For more on fakeouts, read /learn/price-action/breakouts-fakeouts/.

Signs of a real breakout

  • The breakout candle is larger than the average recent candles.
  • Price does not immediately pull back inside the broken level.
  • Follow-through candles appear in the breakout direction.
  • The retest of the broken level holds, confirming the flip from resistance to support or vice versa.

Common mistakes in breakout trading

  • Entering before the candle closes. Price can wick through a level and snap back before the candle closes. Always wait for the close.
  • Chasing breakouts.

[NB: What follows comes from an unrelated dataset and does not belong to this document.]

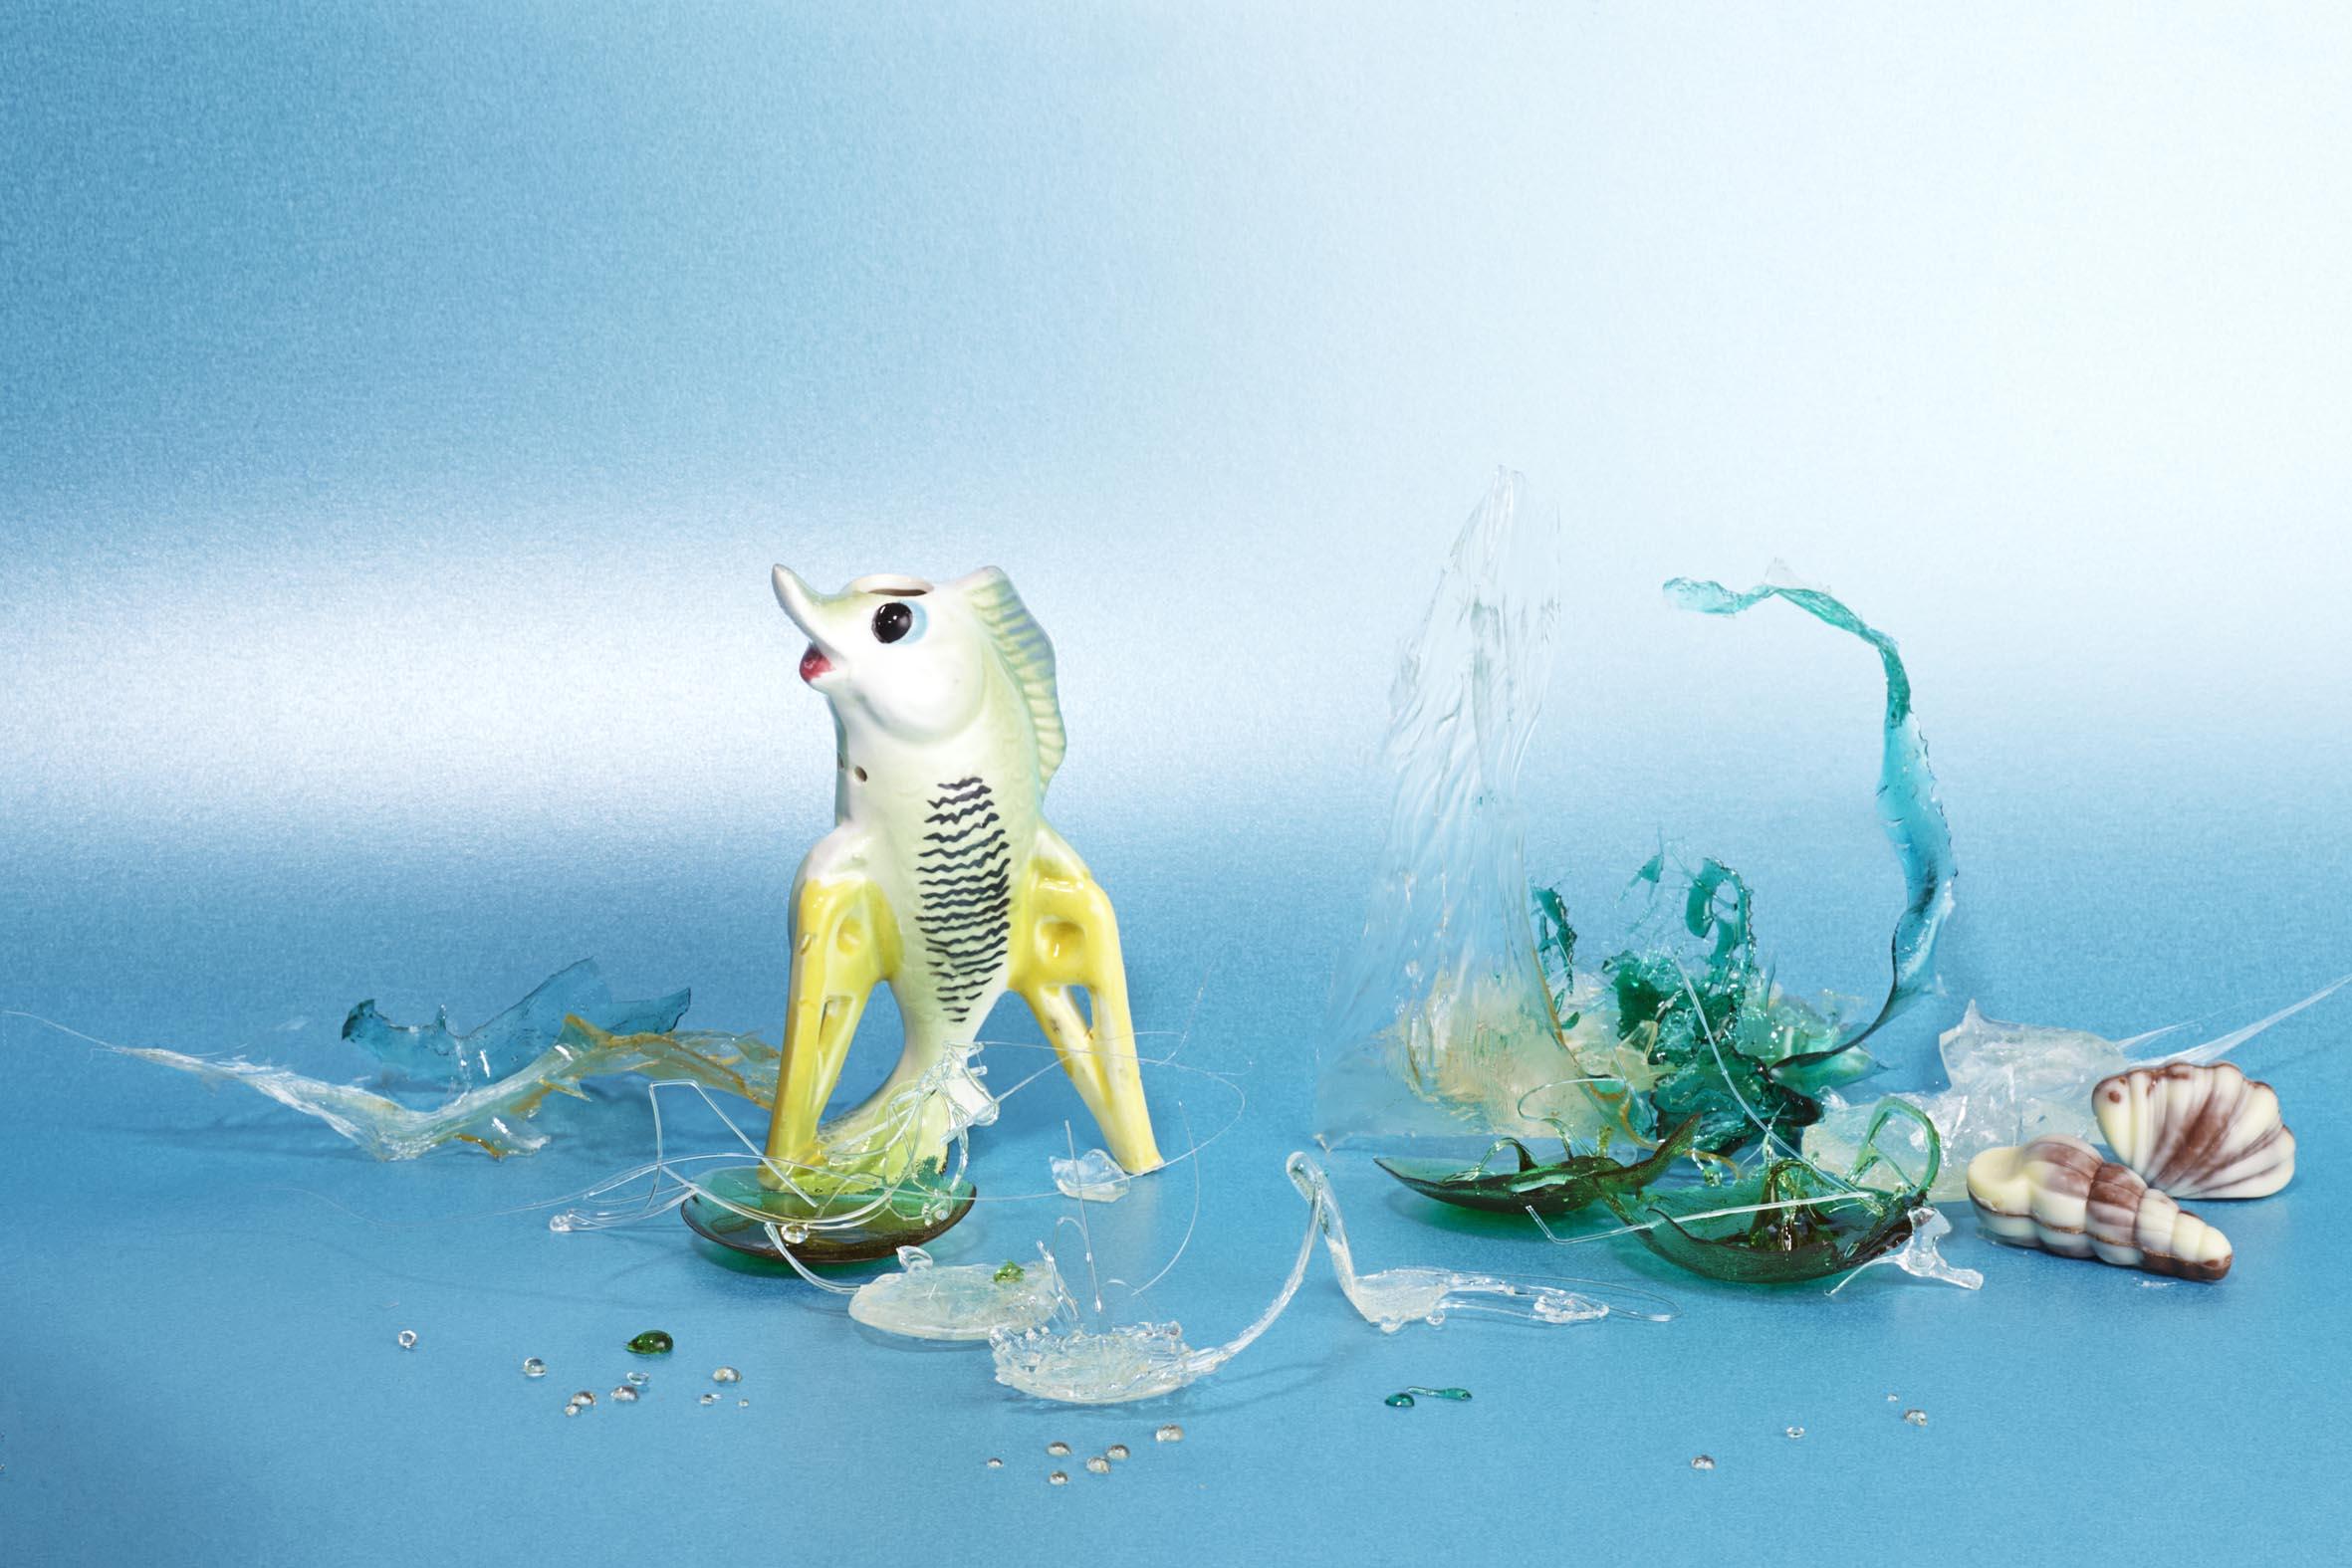 Sugar_Glacier Mint Aquarium.jpg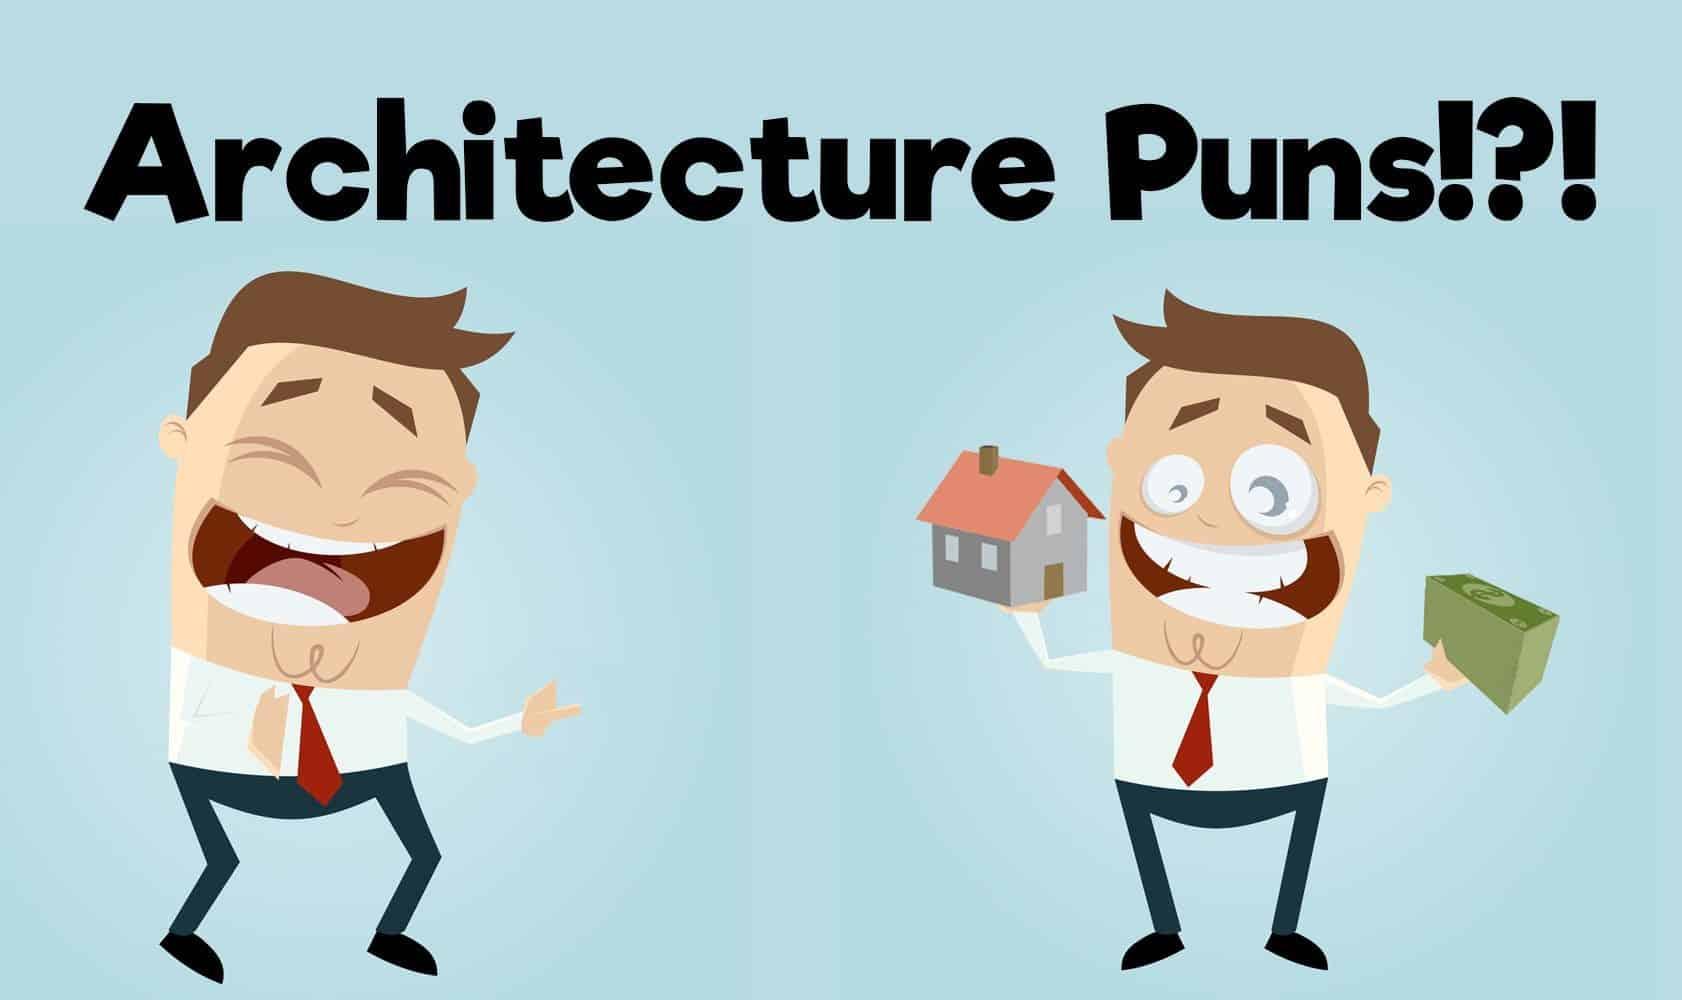 Architecture-Puns

If you miss the initial breakout, do not chase. Wait for a retest instead.
  • Ignoring fakeout risk. Not every breakout is real. Always use a stop-loss and accept that some trades will be losers.
  • Setting stops too tight. Placing your stop right at the broken level almost guarantees you get stopped out by a retest. Give it a few pips of breathing room.
  • Trading breakouts in low-volatility environments. When the market is dead quiet, breakouts lack follow-through.

Risk management for breakout trades

Breakout strategies can have a lower win rate because of fakeouts, but the winning trades often have a large reward relative to risk. This means you must manage your position size carefully so that the losing trades do not wipe out your account before the winners arrive. Use the guidelines at /learn/risk-management/position-sizing/ to calculate your lot size for every trade.

Breakout trading rewards patience and discipline. Find the level, wait for the break, confirm the move, manage your risk, and let the momentum do the rest.